Think Commodity Prices Are High Now? Just Wait
Posted by ZACHARY KARABELL Monday, May 16, 2011

The just-released monthly inflation report showed that prices for most goods eased a bit. The exception of course is oil, and even though oil prices globally have declined in recent weeks, most Americans are paying ever more for gasoline even as inflation overall remains statistically tame.
[. . .]
But the real issue today is that inflation is almost entirely a product of rising raw material costs and for now, these are being born not by individuals but by companies. Many economists assume that eventually, these rising input costs will be passed on to consumers in the form of higher price tags.
The emerging world is hungry for goods, for food, cars, appliances, gadgets, homes, and clothing. And governments in Sao Paulo, Beijing, and New Delhi are authorizing vast spending on modern infrastructure. China’s is well known, but Brazil and India both have significant needs that are only now beginning to be met.

I just returned from a conference with some of the world’s leading money managers, and one theme was clear: there has been massive underinvestment in the global supply chain of industrial metals and raw materials. This is less about oil and gas than about things like copper, iron ore, palladium, titanium, zinc, rhodium, and a host of other “iums” that are the essential, irreplaceable inputs for the industrial world that we all inhabit and that billions are on their way to inhabiting. Simply put there is yawning gulf between demand and supply. . .

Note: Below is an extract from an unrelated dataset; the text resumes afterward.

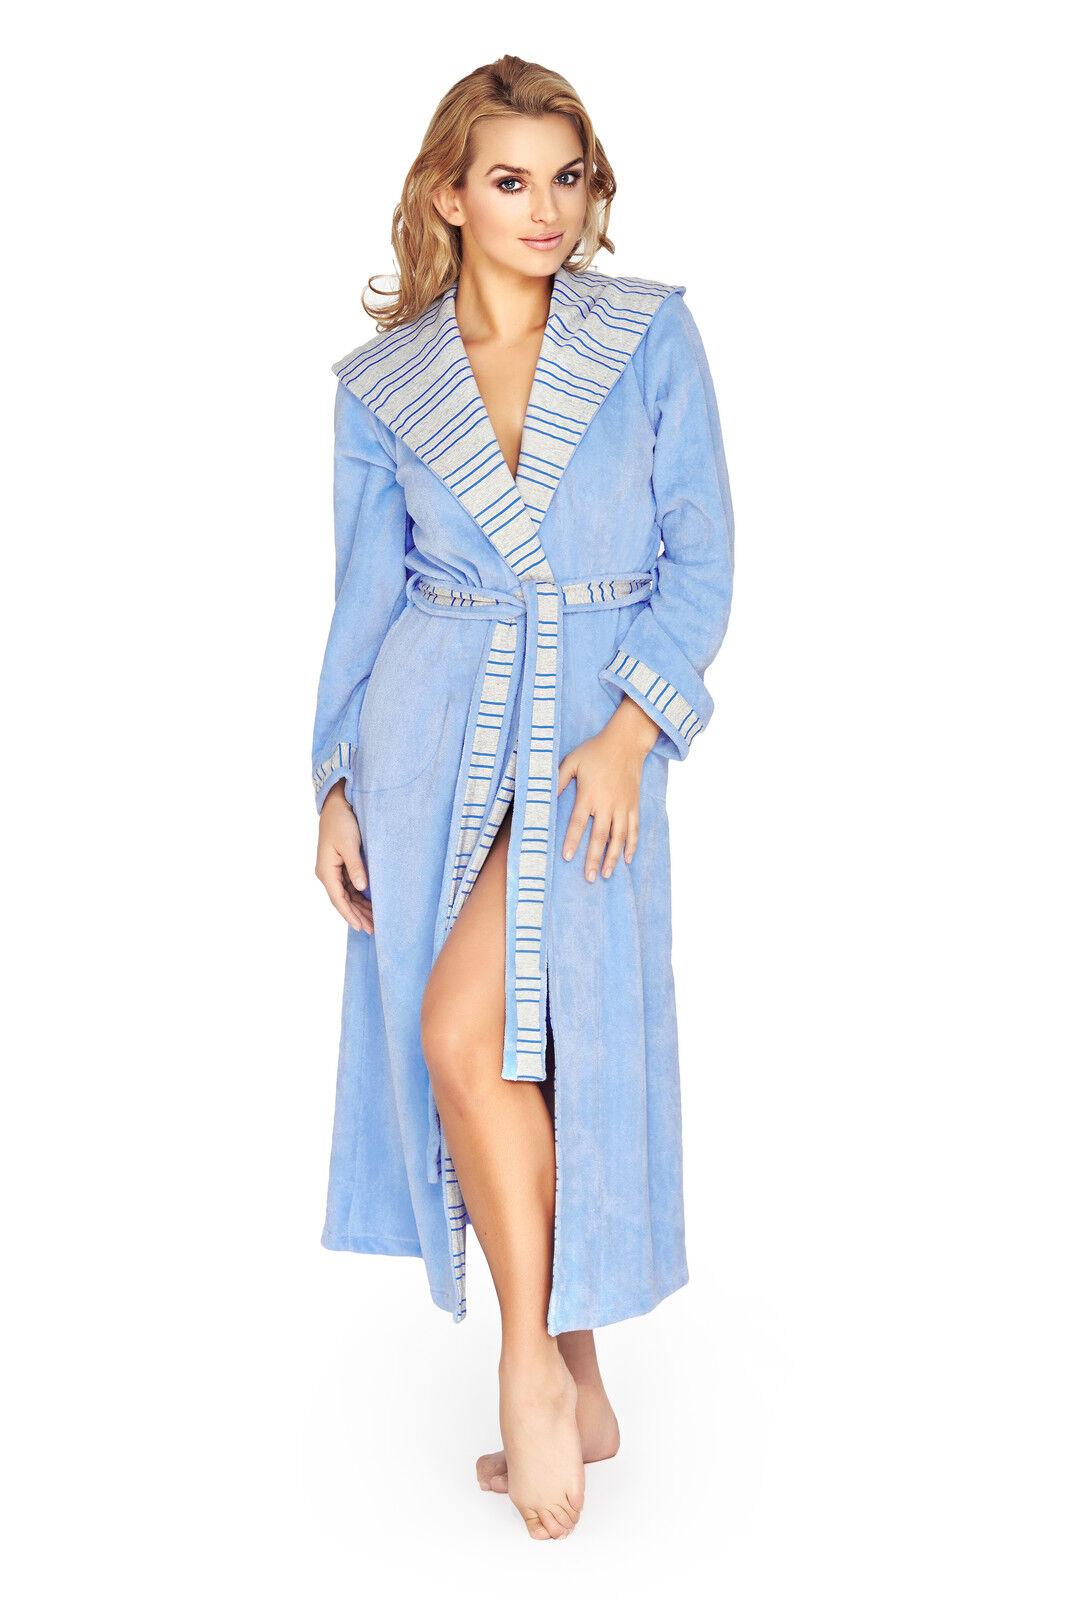 Women S Luxury Soft Cotton Bath Robe Housecoat Dressing

That means we are in for a period of rising commodity inflation, including oil and of course food as more people consumer more calories and crop yields strain to increase.
[. . .]
So unless China truly implodes or Brazil stops growing, or hundreds of millions in India and Indonesia stop believing that they have a right to the same middle class lifestyle that has characterized the West for the past century, we are at the early stages of a spike in commodity prices the likes of which we have never seen. And judging from debates in Washington over how much to spend on Planned Parenthood and how much to reduce pension of state workers, we are nowhere near prepared for this world that we are entering.

Debt-hawks endlessly cite the Weimar Republic’s hyper-inflation (which occurred 90 years ago under special economic circumstances) as an example of what growing U.S. federal deficits will cause “soon,” “some day” or “inevitably.” Factually they are wrong.

Hyper-inflation has been caused by circumstances unique to each affected nation, but always involve massive printing of money in response to existing inflation, not as the cause of, inflation. Analogy: Gasoline is necessary to make a car run, but if the car bursts into flame, you don’t keep adding gasoline. Hyperinflated nations pour gasoline on an already burning car.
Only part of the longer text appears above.